7 Responses to Language learning and music

  1. BnB says:

    I’m actually not a big fan of the “osmosis” styles (that’s my term) of learning; they certainly don’t work for me. I need to understand context and structure, and just picking up a word or seeing some construct in a particular passage doesn’t teach you how it works; it just gives you one example of how it can work. You have to read a ton of other examples to get the full picture.

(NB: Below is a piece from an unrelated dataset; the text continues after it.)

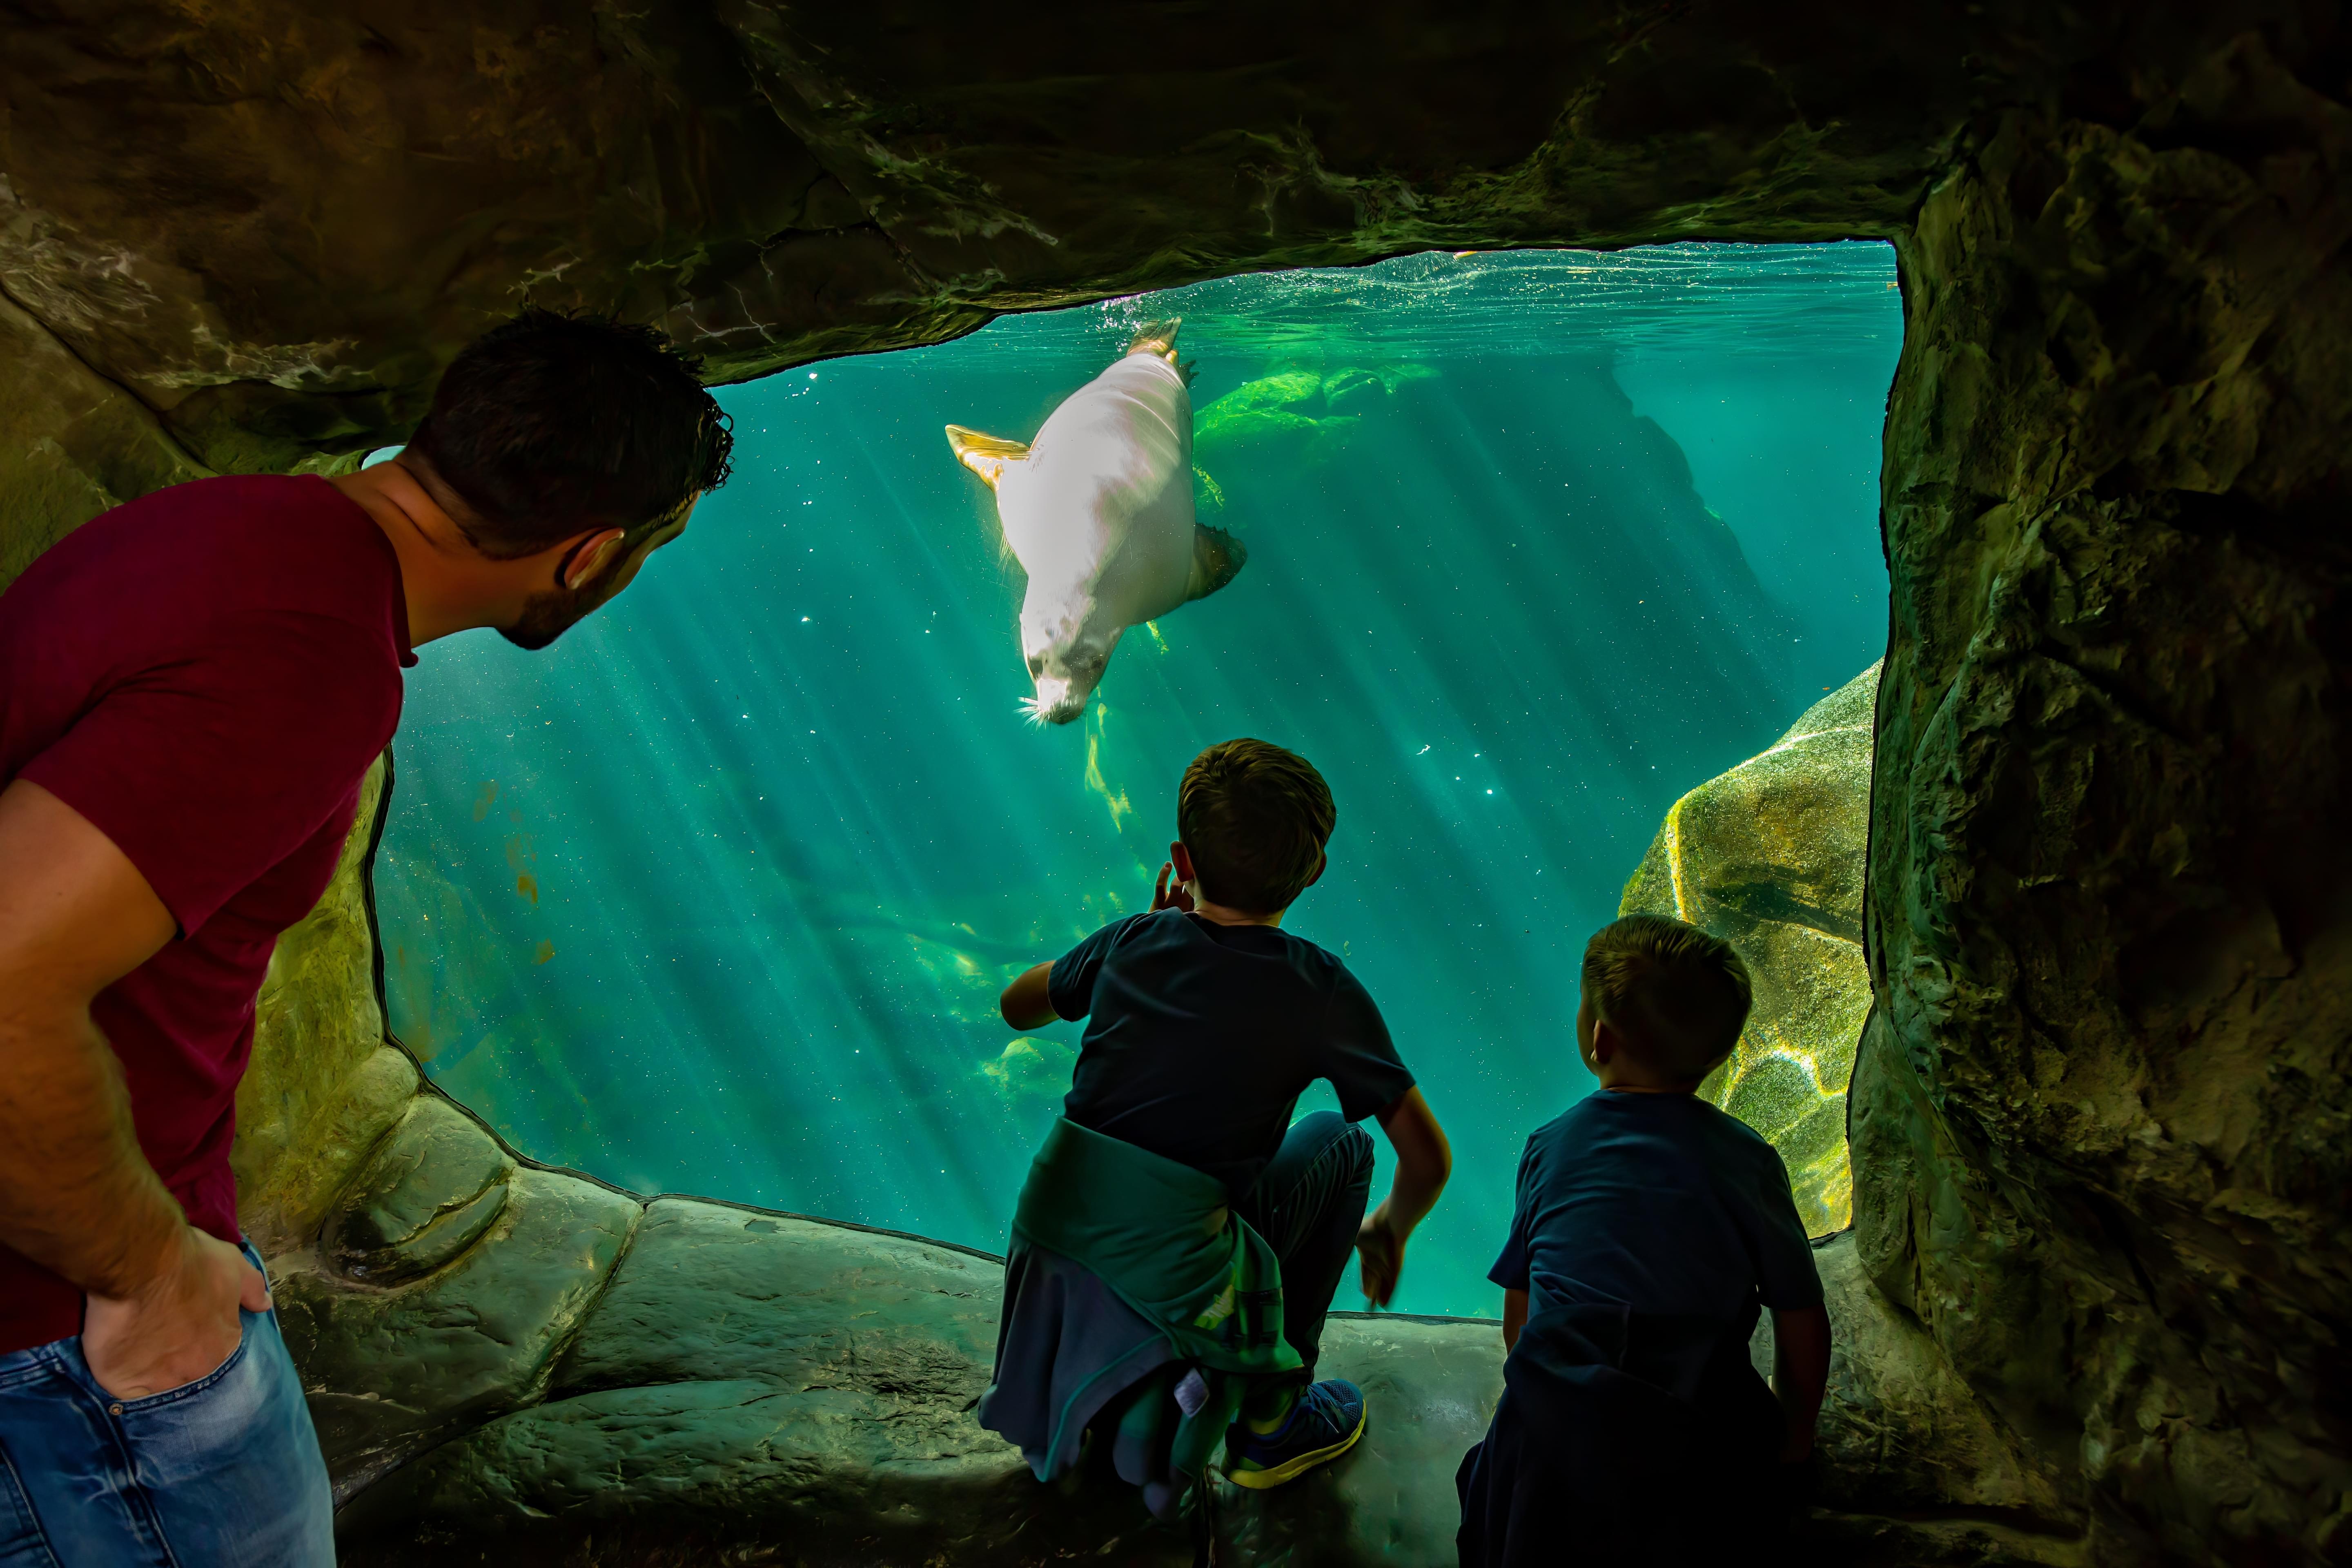 Newport Aquarium

    As an example, in German, some prepositions take accusative, some take dative in the following noun. The “osmosis” approach suggests that after reading enough or hearing enough, you’ll eventually figure out that there’s a difference and which uses which. I personally learn it much faster if a textbook simply says, “here’s how it works, and here are representative lists of both kinds of prepositions.” Now I can not only understand when I read, but I can synthesize myself.

    My kids are going crazy in their high school Spanish classes with poorly designed (and graphically confusing) textbooks that don’t explain stuff and try to avoid English. (Did you know that the picture of a girl reading a book symbolizes the concept of “ambitious”? That’s how they do “osmosis”; the English word “ambitious” is never used, and of course the only way they figure it out is if they ask the teacher. So much for no English…)

    Hmmm… guess I kind of went off on a rant here… it’s a topic that sort of close to the surface as I watch all of the hypey marketing on those kinds of language courses (“learn the natural way, the way kids learn!” without mentioning that it takes kids, who are at the peak of their learning capability, many years to become truly fluent) and as I see my kids’ frustration…

    By the way, I see stories and songs as a great way to polish a language whose structure and basics you already understand…

  2. ISPKN says:

    I used an advanced French program several years ago (I don’t remember the name) that was basically a story followed by a short grammar section and then more of the story. It wasn’t any old boring story either. It was basically a novel for learning language. My younger siblings have really enjoyed the Muzzy program for German. It’s a movie with songs that teach colors, numbers, the alphabet, greetings and other simple words and phrases.

  3. Lillian Sagtit says:

    I am Indonesian, and when I was learning English, the program- can’t remember its name- played a tradintional Indonesian song (in Indonesian) and then played the song to us in English while we read the english version of the song in the exercise book.

  4. Yuh says:

    Good afternoon Mr. Simon. I’m a Japanese university student. I’m major in International Relationship, so English is essential weapon for me. Someday, I want to go to your country. I want to go there to acuire English at first. Second, I just want to go to your country, touching the culture of UK. In order to acommplish that, I study hard in my university. Then, I want you to answer my questions. What districts or cities do you recommend me to study? What university do you recommend me? Is the climate of UK colder than Japan? And, I heard that all people of UK have read Shakespare?

  5. Kisakookoo says:

    Hi! Why I can’t fill my info in profile? Can somebody help me?
    My login is Kisakookoo!

  6. Syberpuppy says:

    I used a French course that I believe was by Berlitz a while back. It was a lot of fun–music plus a story that followed the main character through the day. Although the music was a bit cheesy, the rhythms were catchy and the phrases became trapped in my head. Too bad there isn’t a more advanced course like this one; it was the only thing that helped me learn how to tell time! :-)

  7. renato says:

    I really try, but it is impossible for me to learn any language hearing music. For me this is more difficult than traditional classes.